Your task
Please output the listing exactly as it stands, but omit any images.
START Recorded data
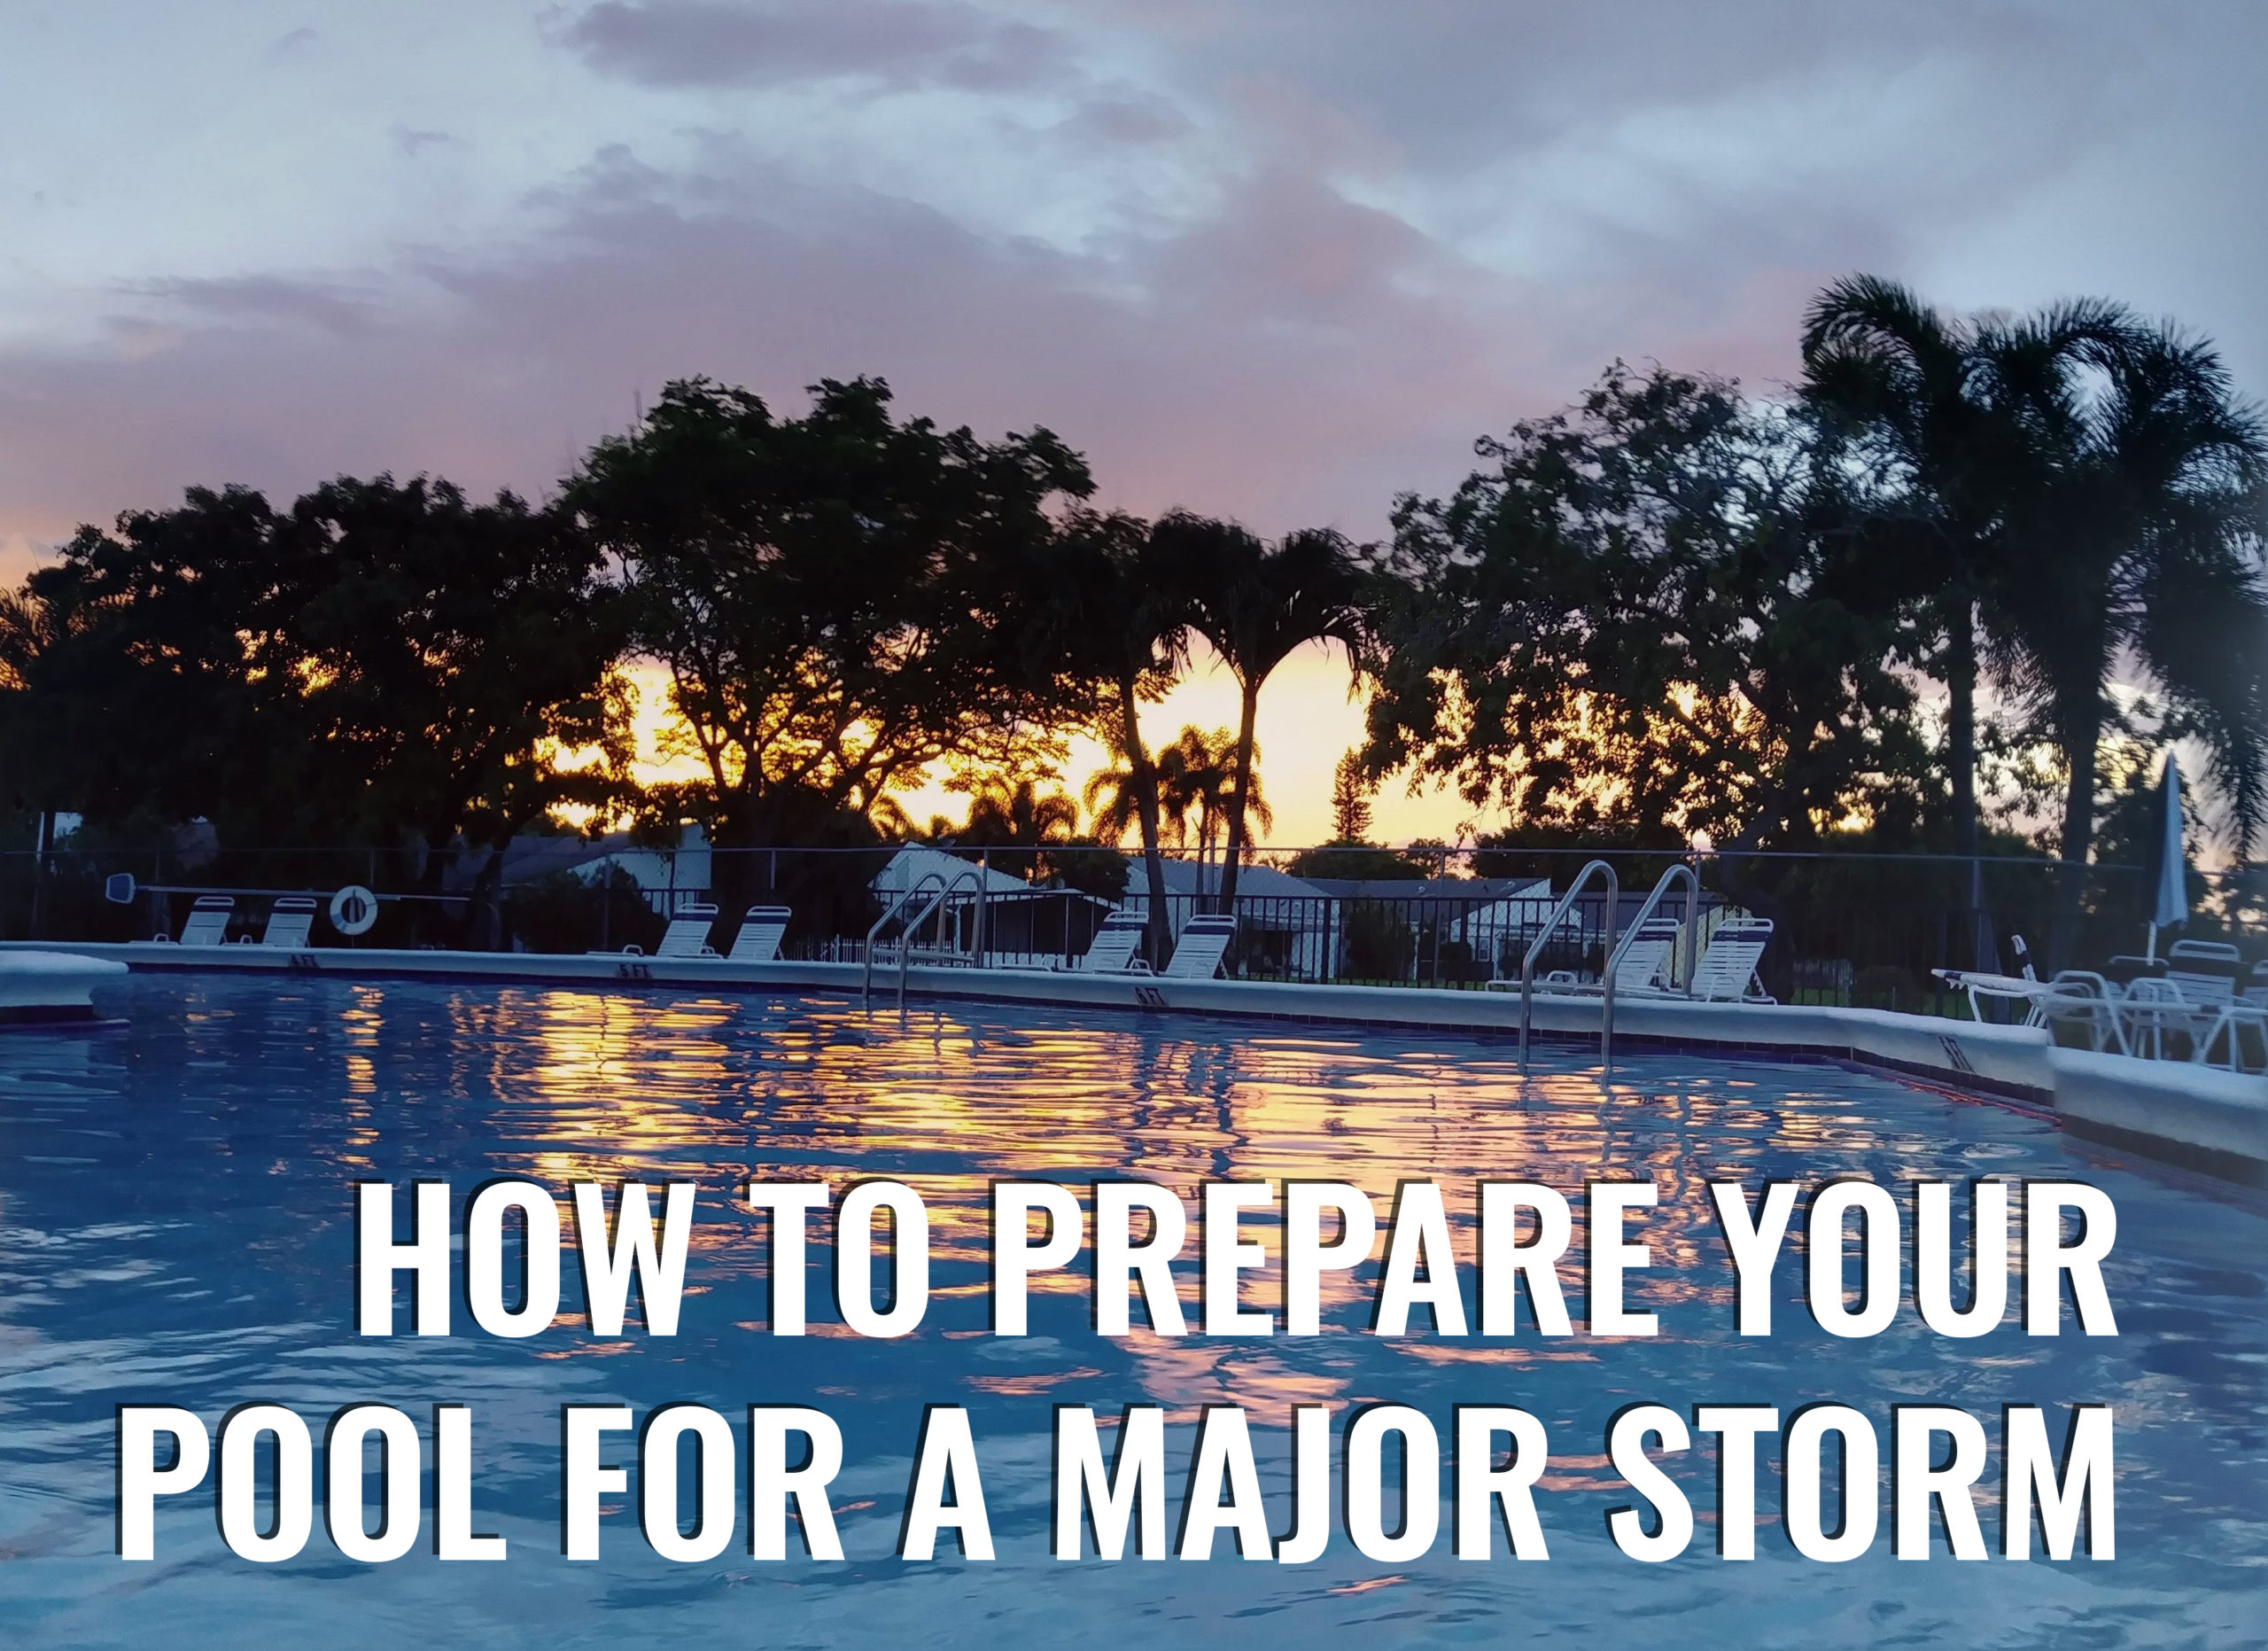 4 Tips on How to Prepare your Pool for a Storm - Coversafe.com
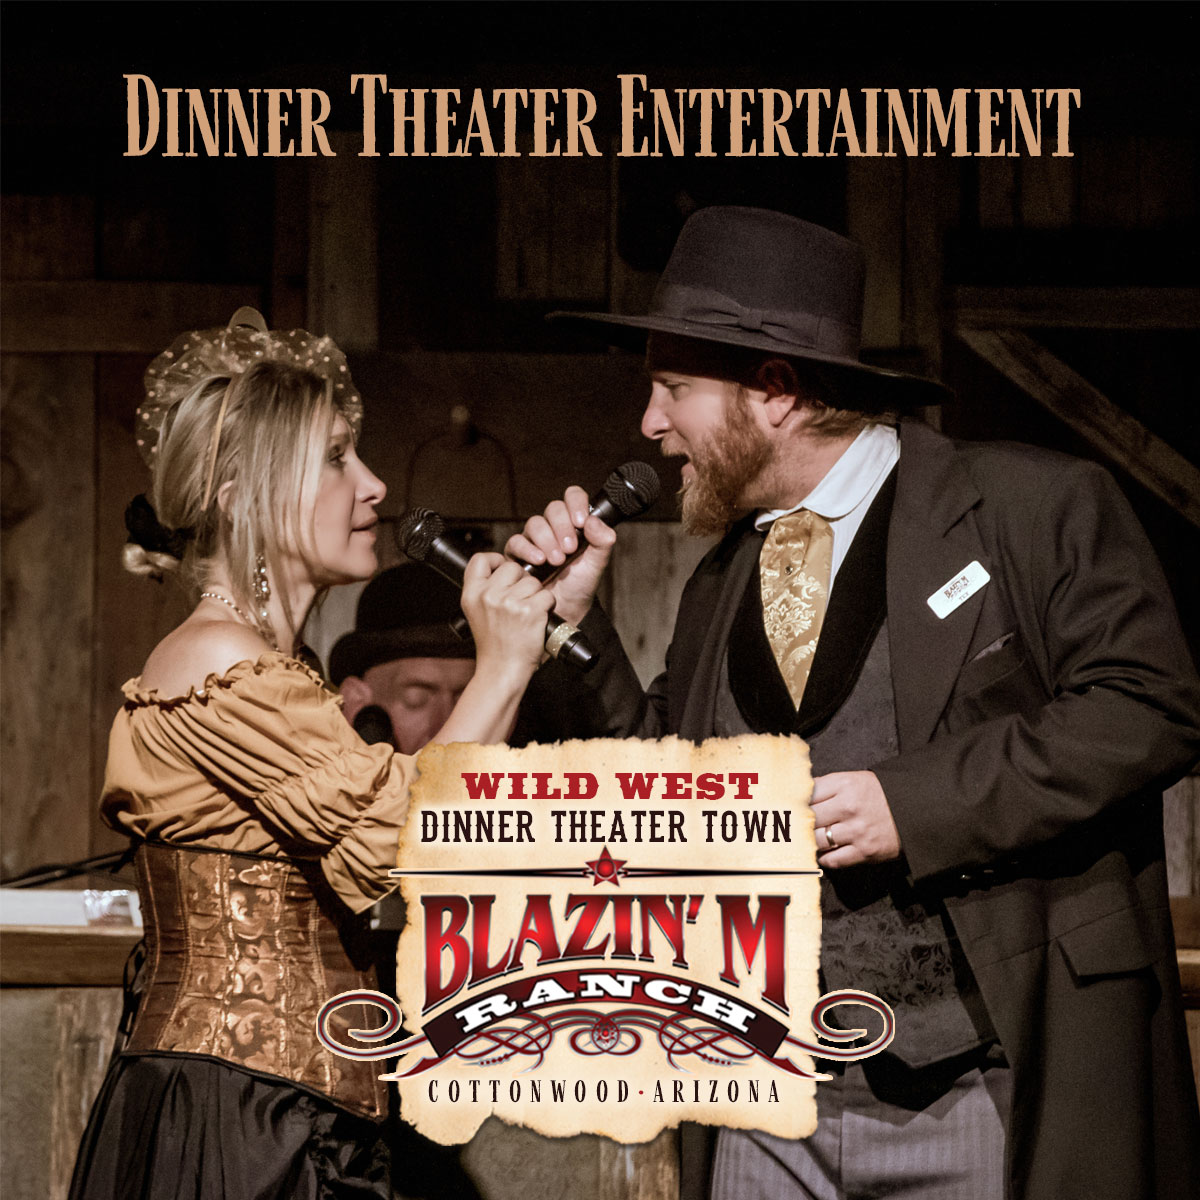 The whole family will enjoy a Dinner and Show at Blazin' M Ranch! Book your tickets now → zurl.co/b3SI 

#Cottonwood #Sedona #Campverde #Jerome #Arizona #ArizonaTravel  #DinnerAndAShow #BlazinMRanch #FamilyFun #ArizonaEntertainment
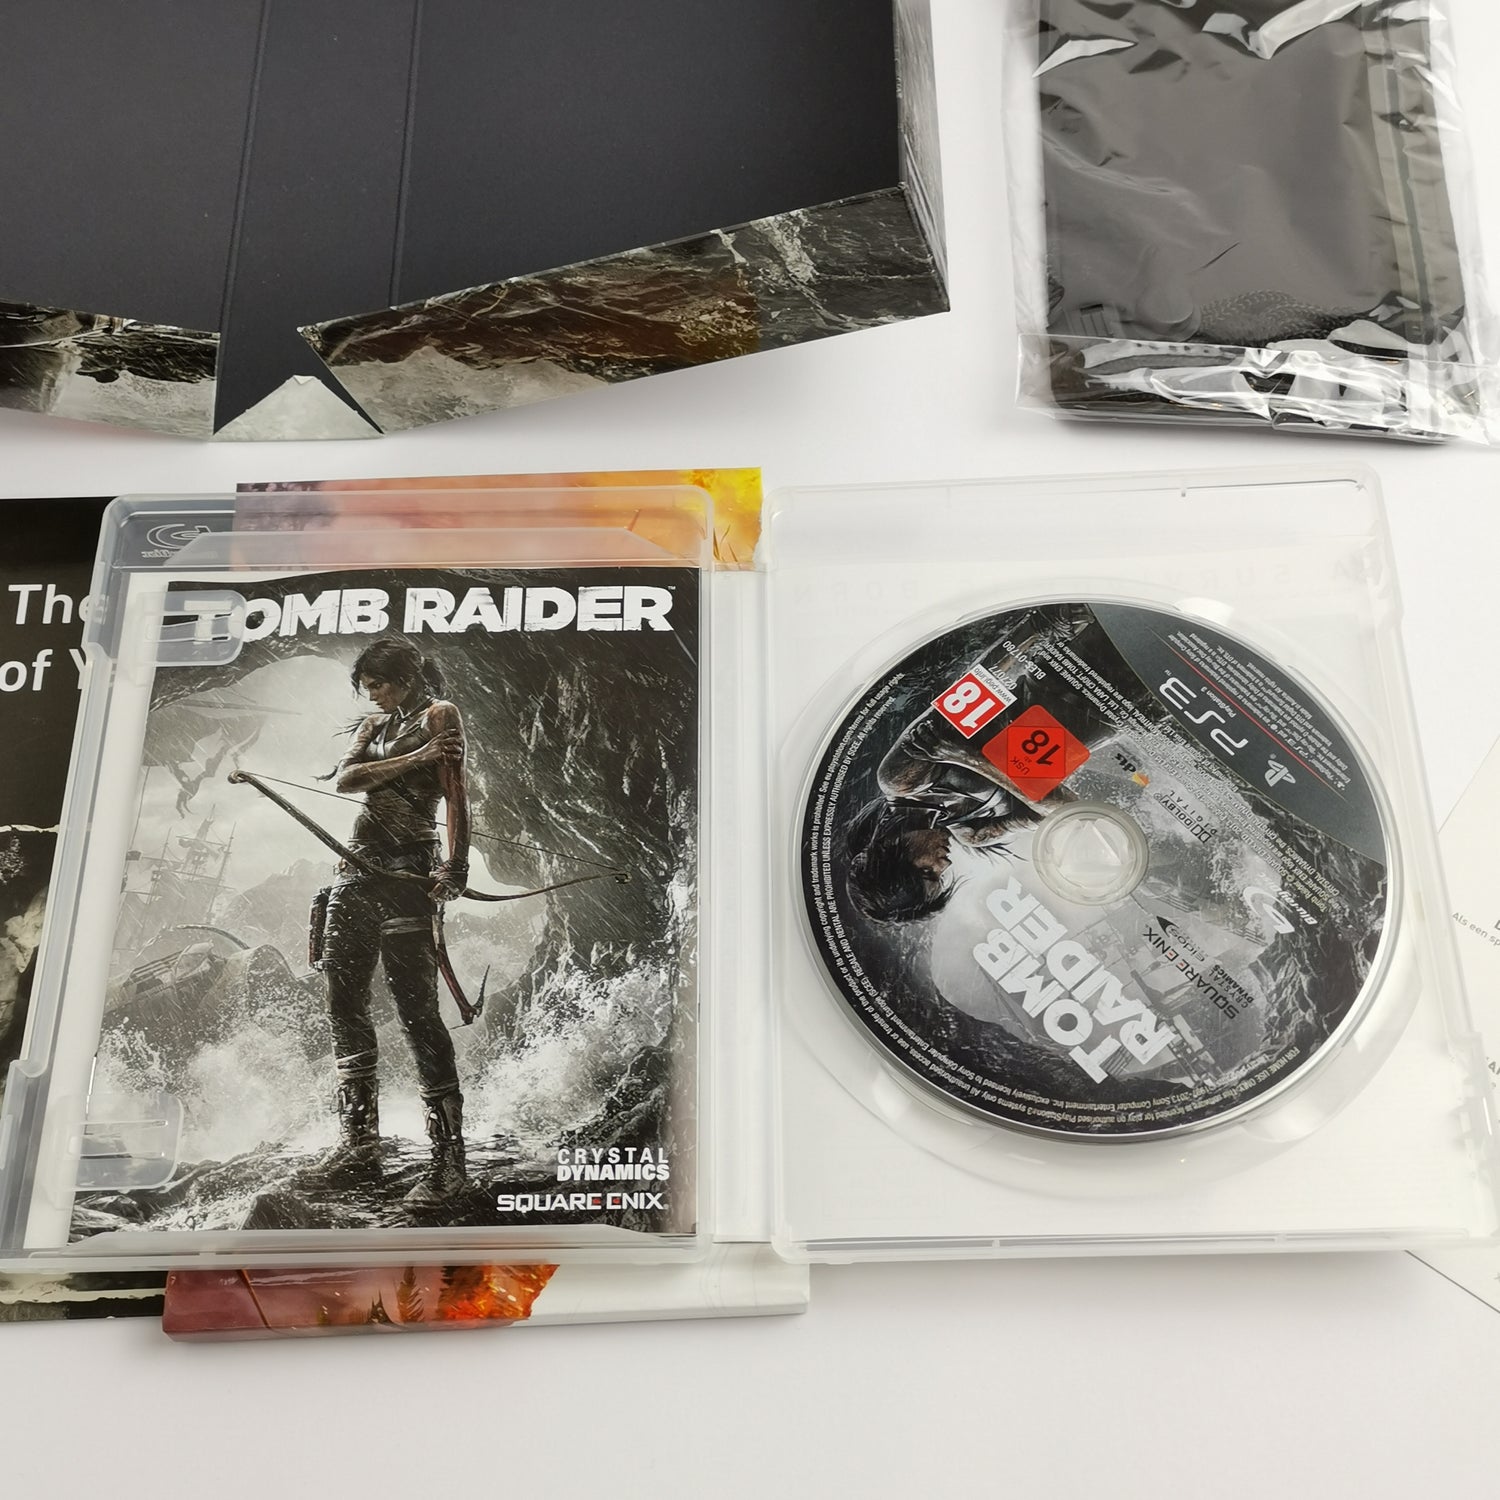 Sony Playstation 3 Spiel : Tomb Raider Survival Edition | PS3 Game - OVP USK18
END Recorded data
Answer space
 4 Tips on How to Prepare your Pool for a Storm - Coversafe.com
 The whole family will enjoy a Dinner and Show at Blazin' M Ranch! Book your tickets now → zurl.co/b3SI 

#Cottonwood #Sedona #Campverde #Jerome #Arizona #ArizonaTravel  #DinnerAndAShow #BlazinMRanch #FamilyFun #ArizonaEntertainment
 Sony Playstation 3 Spiel : Tomb Raider Survival Edition | PS3 Game - OVP USK18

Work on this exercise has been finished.